It’s been 29 days since Qin Gang disappeared, the Chinese Foreign Minister has not been seen since meeting envoys from Vietnam, Sri Lanka and Russia. Meetings were missed that made his disappearance noticeable, for instance Josep Borrell, the foreign minister of the European Union, Janet Yelland of the US Treasury and also a failure to attend the ASEAN Summit held in Jakarta.
So where is Qin Gang? The Wolf Warrior has it seems fallen foul of the party. The silence is deafening and where there is silence, there is intrigue. Journalists have asked the question… where is Qin Gang… daily and finally the answer came…. he is ill. Social media has been awash with gossip, the government have not stepped in to batten down the mediaraties who have conjectured what he has done wrong. Repeated questions about his whereabouts have been met with silence and so the gossip, conjecture and information vacuum add to the questions and unsubstantiated rumours of what has happened to him and what he has done wrong.
“It’s a very bad look for the PRC to have their foreign minister disappear for three weeks,” said Bill Bishop on his Sharp China Podcast.
“The absence of any information since his last appearance… fuels the rumours, from health to an affair and a child out of wedlock to being caught up in a spy case.”
Wang Wenbin, Qin Gong’s foreign ministry spokeswoman, insisted that she had “no understanding” of the rumours surrounding his disappearance.
It is not the first time that figures have disappeared, Jack Ma upset the party by splitting Alibaba into two and spent months in silent confinement, before re-appearing earlier this year. Jack Ma, was in trouble because he had accused Chinese banks of managing their business’ with the mentality of a “pawn shop”. He also criticised the party and authorities methods of managing the banking system who he accused of managing digital finance in the same way as managing a “railway station or airport.”
“There are CCP committees there to remind the companies… that the party ultimately has power, even powerful individuals like Jack Ma,” says Samantha Hoffman, a researcher at the Australian Strategic Policy Institute.
What we know of Qin Gang is that he is married and has one son, he was ambassador to the United States and Britain, and had been moving up the party structure because of his popularity. We know his education and path into the civil service but everything after is a bit fuzzy, and there is very little information about his private life, other than conjecture that he has been having an affair.
According to the Washington Post, Qin has a huge number of enemies inside the government…[..] He was marginally talented person, who just being close with Xi, [was] catapulted up.”
The Washington Post thinks that Qin’s prolonged absence “may indicate that he is being set up to take the fall this time.” But the question is why he is being held and a trial has not been arranged. The rhetorical answer is that Qin may be brought up on charges that will allow Xi to get rid of him without establishing the charges that he will be brought up on, especially if the charge is an extra marital affair.
According to Jamie Sedel, writing for AU.com, the rumour is that Qin has been having an affair with Hong Kong based Phoenix TV personality FU Xiaotian. He goes on to claim that Fu had a baby nine months after Qin had been interviewed by her and that child is his. What makes this particularly difficult is that the gossip columns on the internet are that the name of the father is unknown, but Fu has commented on social media posts celebrating Qin’s birthday, and again when he was promoted to the Communist Party’s Central Committee.
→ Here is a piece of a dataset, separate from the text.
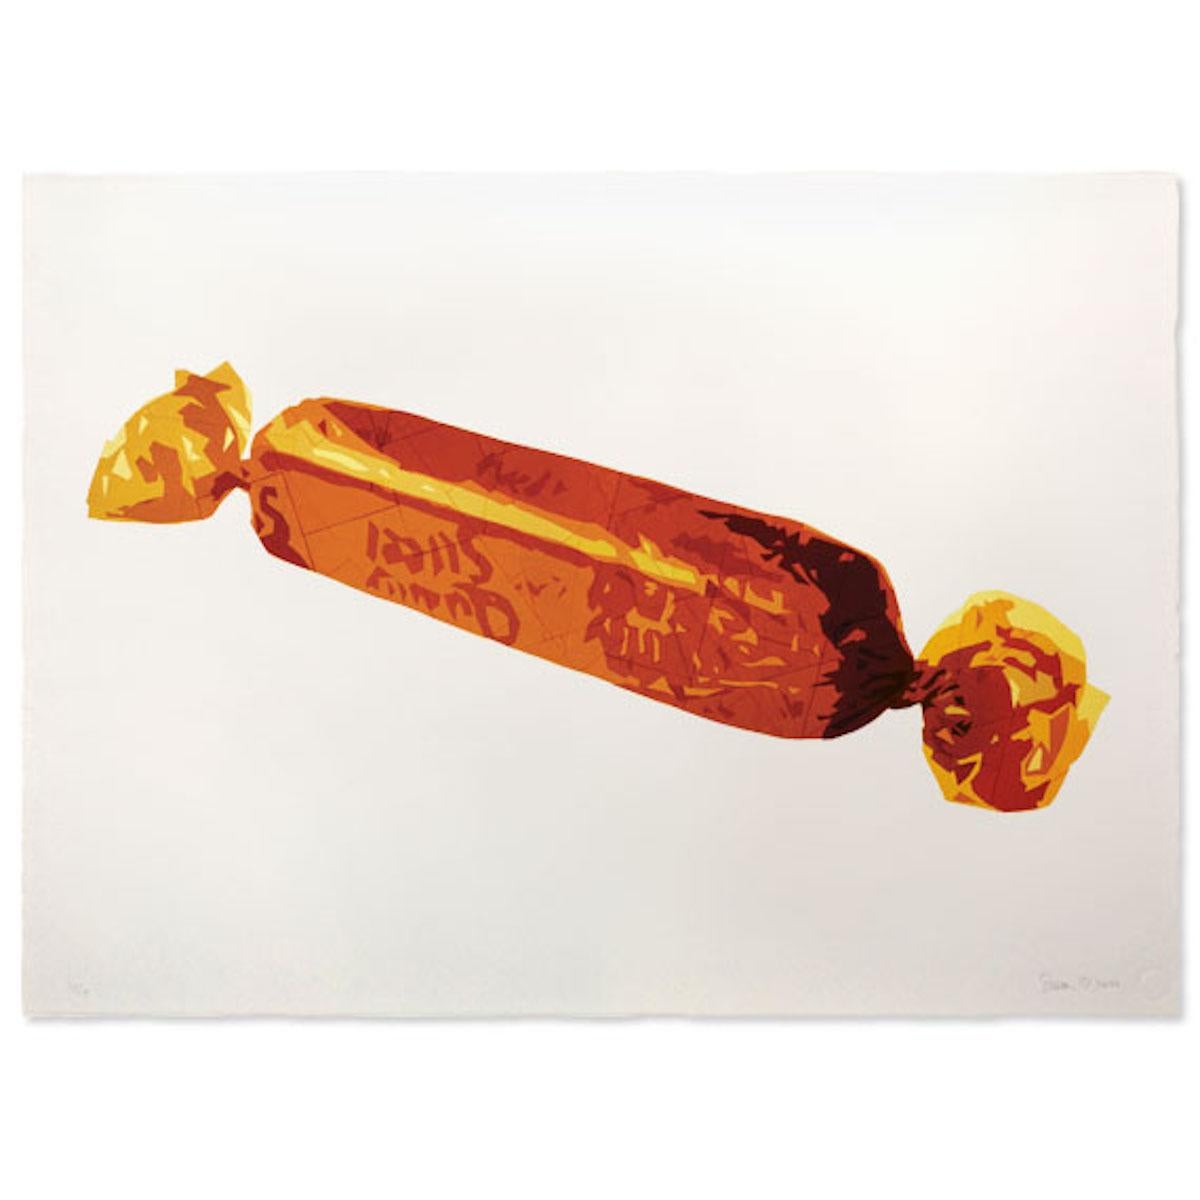 Simon Dry Interior Print - Gold Finger, Sweetie Art, Food Art, Still Life Print, Chocolate Art, Easter Art

Of course the gossip is not substantiated by anybody or anything that could be called concrete, but rumours also argue that Qin has become caught up in a spy case, where someone he suggested to President Xi, was arrested for spying. So the question is what or who will take his place as foreign minister, or whether he will return. In many ways the silence surrounding the disappearance has led to intrigue, but there are also questions whether China will continue engaging in ‘Wolf Warrior’ diplomacy or move towards a more conciliatory form of diplomacy.
Christopher Walker, writing in Foreign Affairs believes that China’s secrecy or limiting transparency and accountability is leading to a “gradual erosion of global norms of transparency and open government.” But what is going on is more than that, Xi does not seem to feel that China is compelled to answer questions of its top diplomat and in many ways this is reflective of the CCP’s own method of attaining secrecy, which itself forms arguments of how you manage and formulate a foreign policy directed at China.
James Cleverly, the British foreign secretary warned that there could be a tragic miscalculation unless Beijing lifts the veil of secrecy over its military and nuclear weapons expansion. But this is nothing new, China has always been a secretive state, even when the Covid pandemic broke out there were levels of secrecy before coming clean when cities were shut down.
Qin Gang for the moment has disappeared, how he reappears will be key to the West’s understanding of its own foreign policy towards China. His position has been taken up for the time being by Wang Yi, the question is how will Qin reappear. Will he appear on a podium handcuffed to a guard and charged with corruption or will he just reappear, with nothing said or argued and continue the confrontational diplomacy that China has followed since he sat at the table and argued China’s cause.